§ GIVEN INFORMATION:
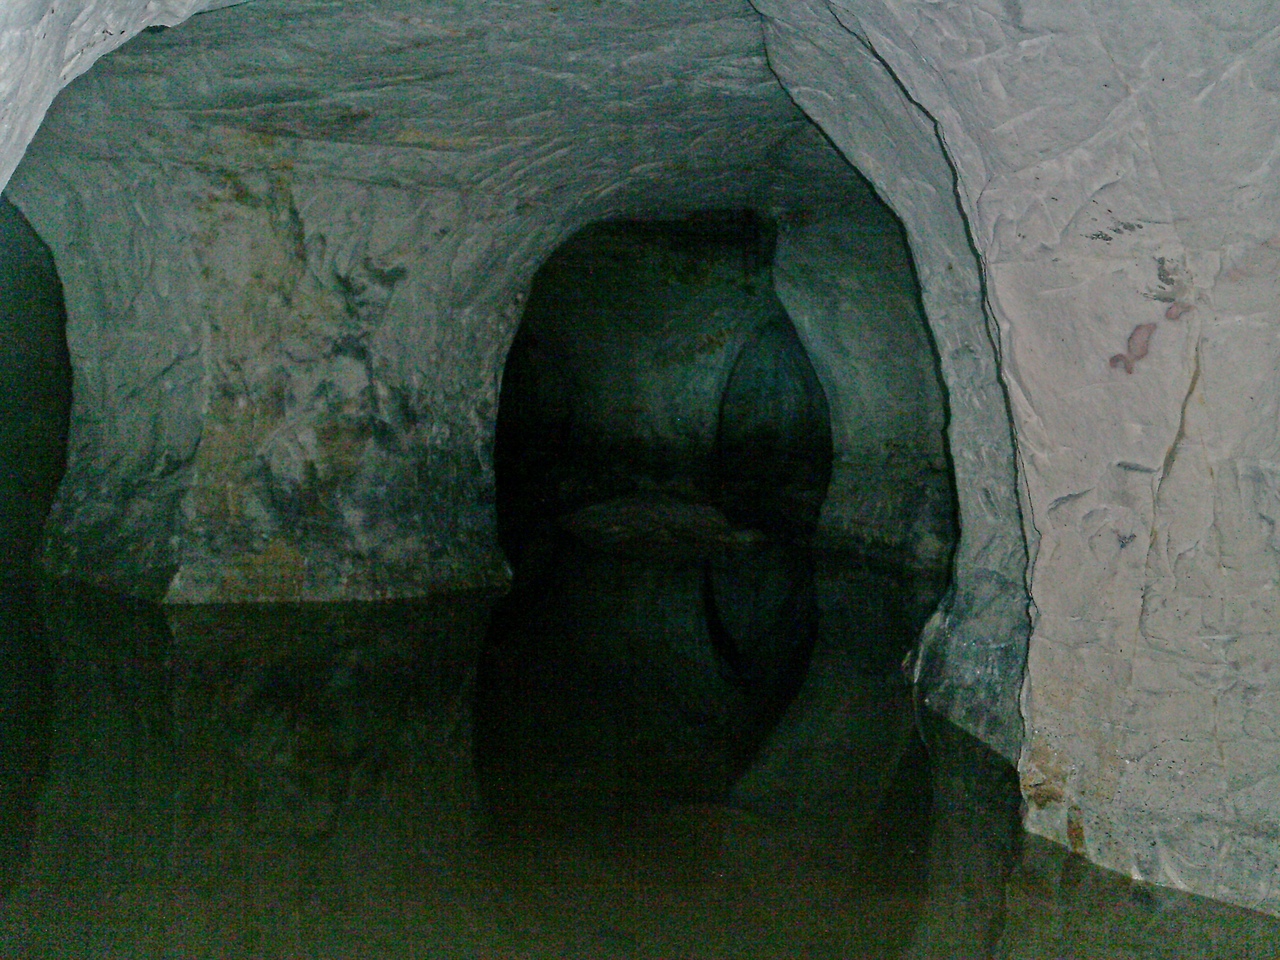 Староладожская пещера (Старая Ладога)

---

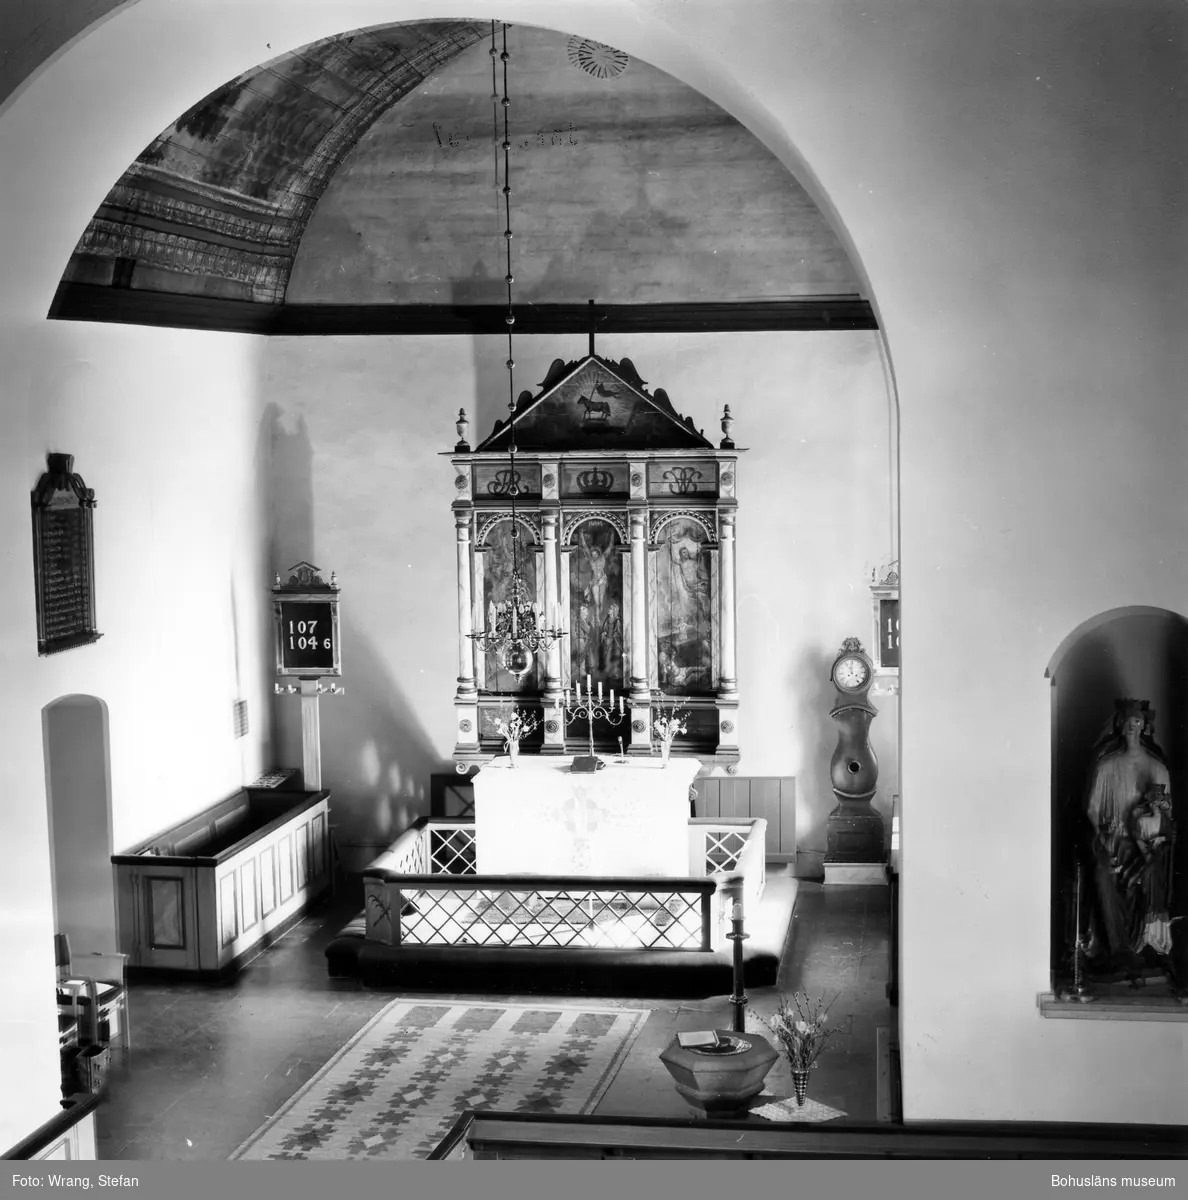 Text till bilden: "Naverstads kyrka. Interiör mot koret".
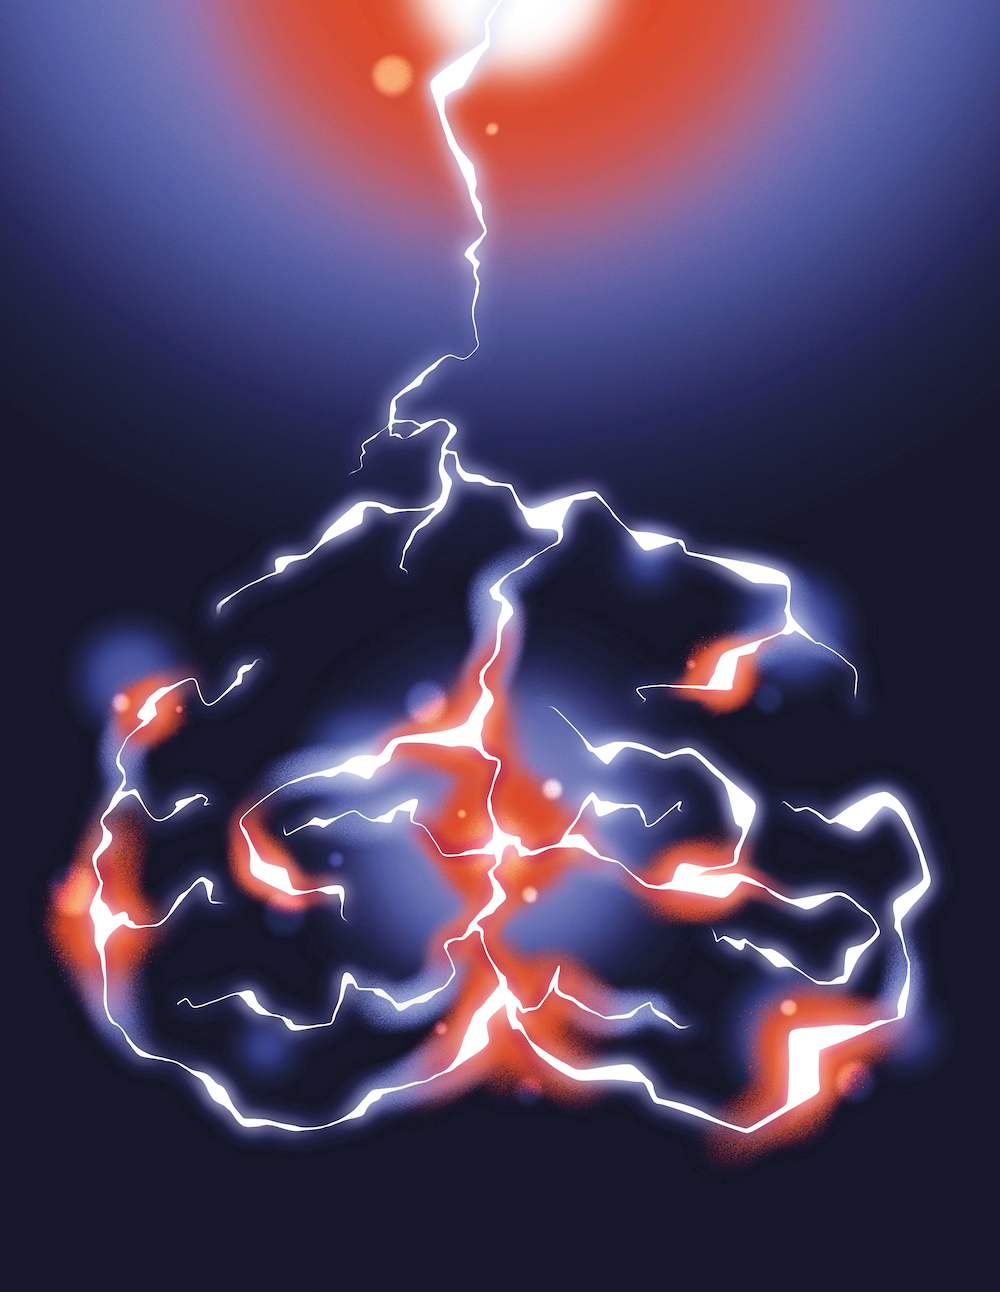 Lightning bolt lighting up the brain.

§ WORK TASK: Print an exact copy of the lines above, from the one containing "kyrka. Interiör mot" through the one containing "Lightning bolt lighting up the brain.", and leave out the pictures.

§ OUTPUT FOR THIS EXERCISE:
 Text till bilden: "Naverstads kyrka. Interiör mot koret".
 Lightning bolt lighting up the brain.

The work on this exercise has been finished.